‘Why is your beard so patchy?’
Asking a man why his beard is patchy is like asking him why he can’t grow hair. People grow in different ways, and some beards come in patchy. It’s just life and instead of asking why it’s patchy, buy him some beard oil.
‘You’re like a brother to me’
Of course, maybe he is a brother or a step brother, but generally telling a man he’s like a brother to you is telling him that he is in the ‘friend zone’ (something that is totally made up, but men still believe exists).
‘You’re no fun’
This isn’t nice to say to anybody. Telling someone they are not fun, is like telling them you don’t like spending time with them.
‘Aren’t you paying?’
This is a very aged idea, men shouldn’t have to pay for dinner just because of their gender. Nowadays, it is and should be more common for people to split the bill or even for the women to offer to pay. If you pay, it shows you’re very interested in the relationship and actually interested in spending time with your partner.

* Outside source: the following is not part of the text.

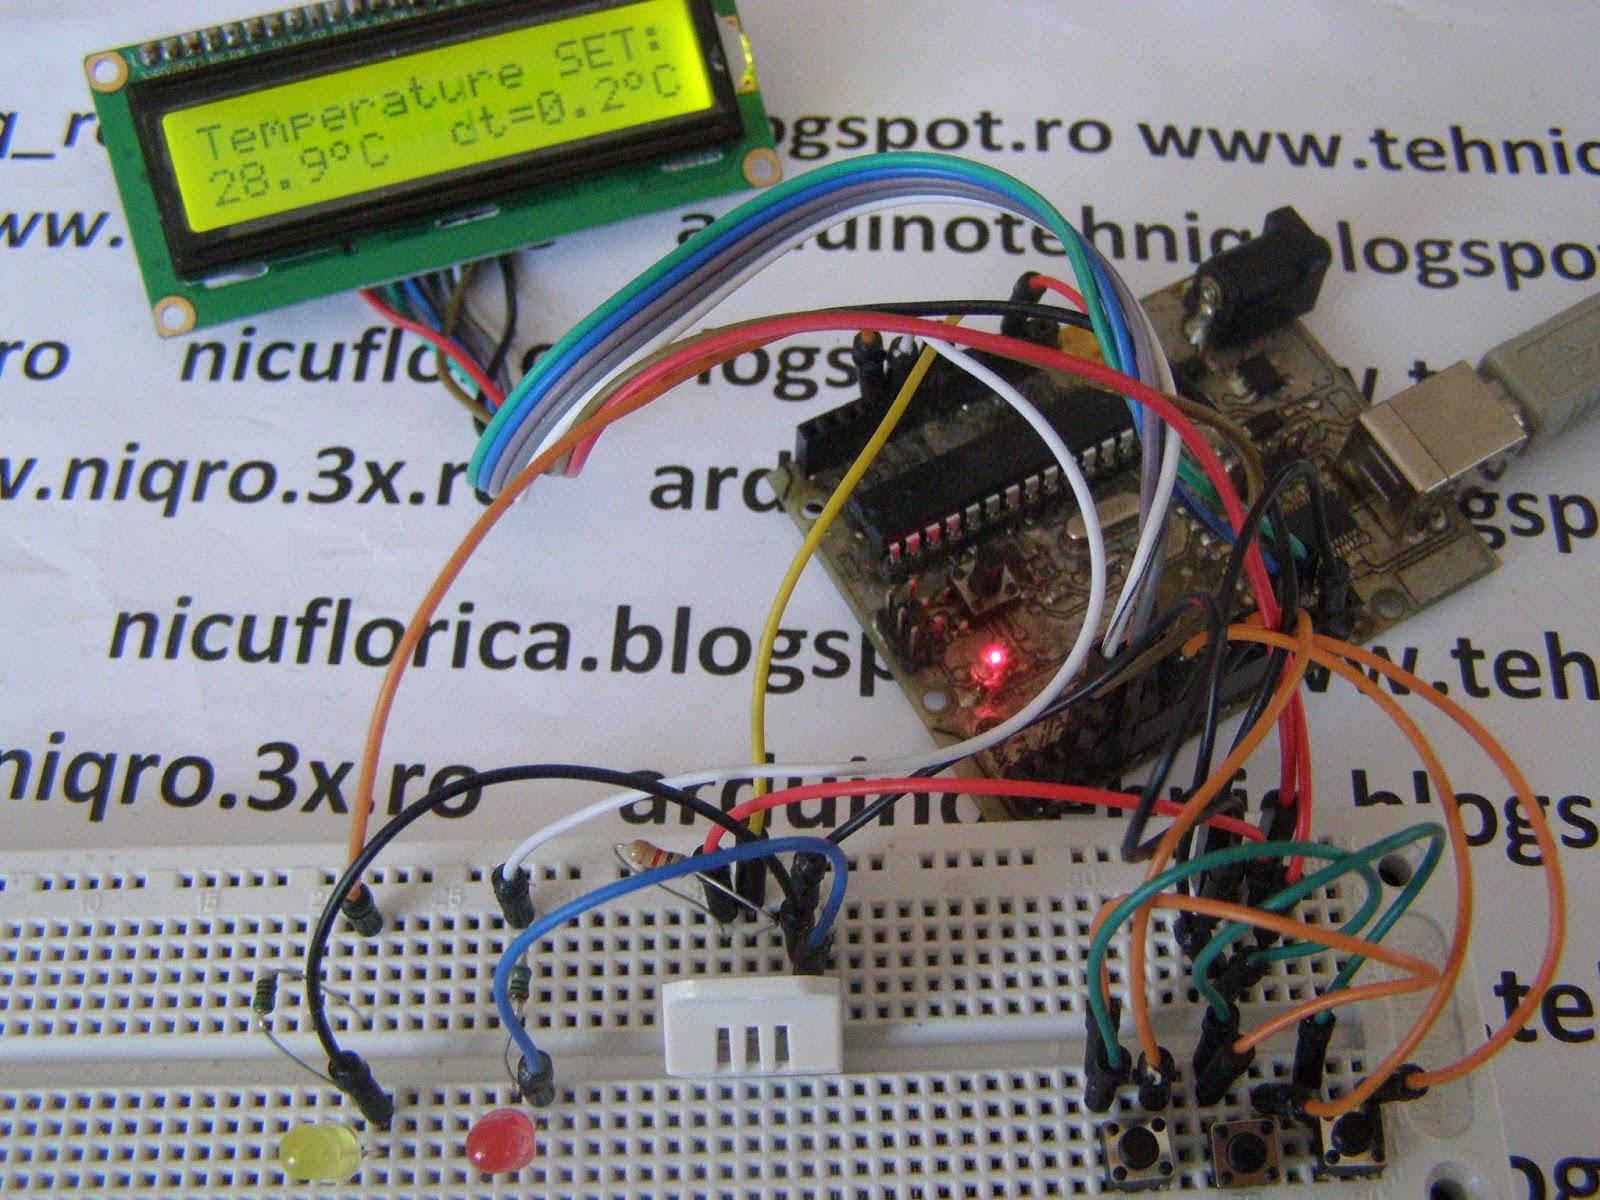 Nicu Florica Niq Ro August 2015 Circuit Pic16f628 Rf Remote Buton 433mhz Button Reglaj Interval Acceptat De Scadere A Temperaturii Odata Depasita Histerezis

‘Why can’t you be more like so-and-so’s boyfriend?’
People are different, and your partner will be a different person from your friend’s partner. If you want your partner to be different, then they won’t be the same person. If you’re saying this then you might want to question your relationship. Your partner is just being him/herself and that’s all you can ask for.
‘I tell my best friend everything.’
Somethings should be private in a relationship and shouldn’t be spread throughout your friends. If you are telling other people everything, then it isn’t just you and your partner in the relationship. You need to consider why you are telling your friends stuff and figure out where you are in your relationship.
‘You’re quite hairy?’
By saying this to him, you’re just stating a fact. You aren’t being constructing and aren’t helping anything. If you’re a fan of his hair, then tell him. If you aren’t, then tell him that too. But in a nice, constructive way that isn’t just an attack on his appearance.
‘Ever thought you might be gay?’
Every person nowadays questions their own sexuality and I’m sure he has questioned it too. You might not know his past or even his exact sexual preference and asking him in this way isn’t going to answer any questions for either of you. Again, this is a time where you need to be constructive and sensitive and think about how you would like to be asked about your sexual orientation.
‘Have you not been with many women?’
This comment again could be an attack. By saying this, you are insinuating that he maybe isn’t the best boyfriend or sexual partner. Of course, if this is the case, then talk to him. Just tell him what you like and how he can achieve it. You don’t need to insult him to get what you want.
Anything you wouldn’t like being said to you
Men and women are becoming less and less different and with that you should except that anything you wouldn’t like to be said to you, shouldn’t leave your mouth. Men are sensitive, just like women. It’s important to understand that gender boundaries are slowly fizzling away and being feminine or masculine shouldn’t really matter anymore. Just be yourself and be kind to others.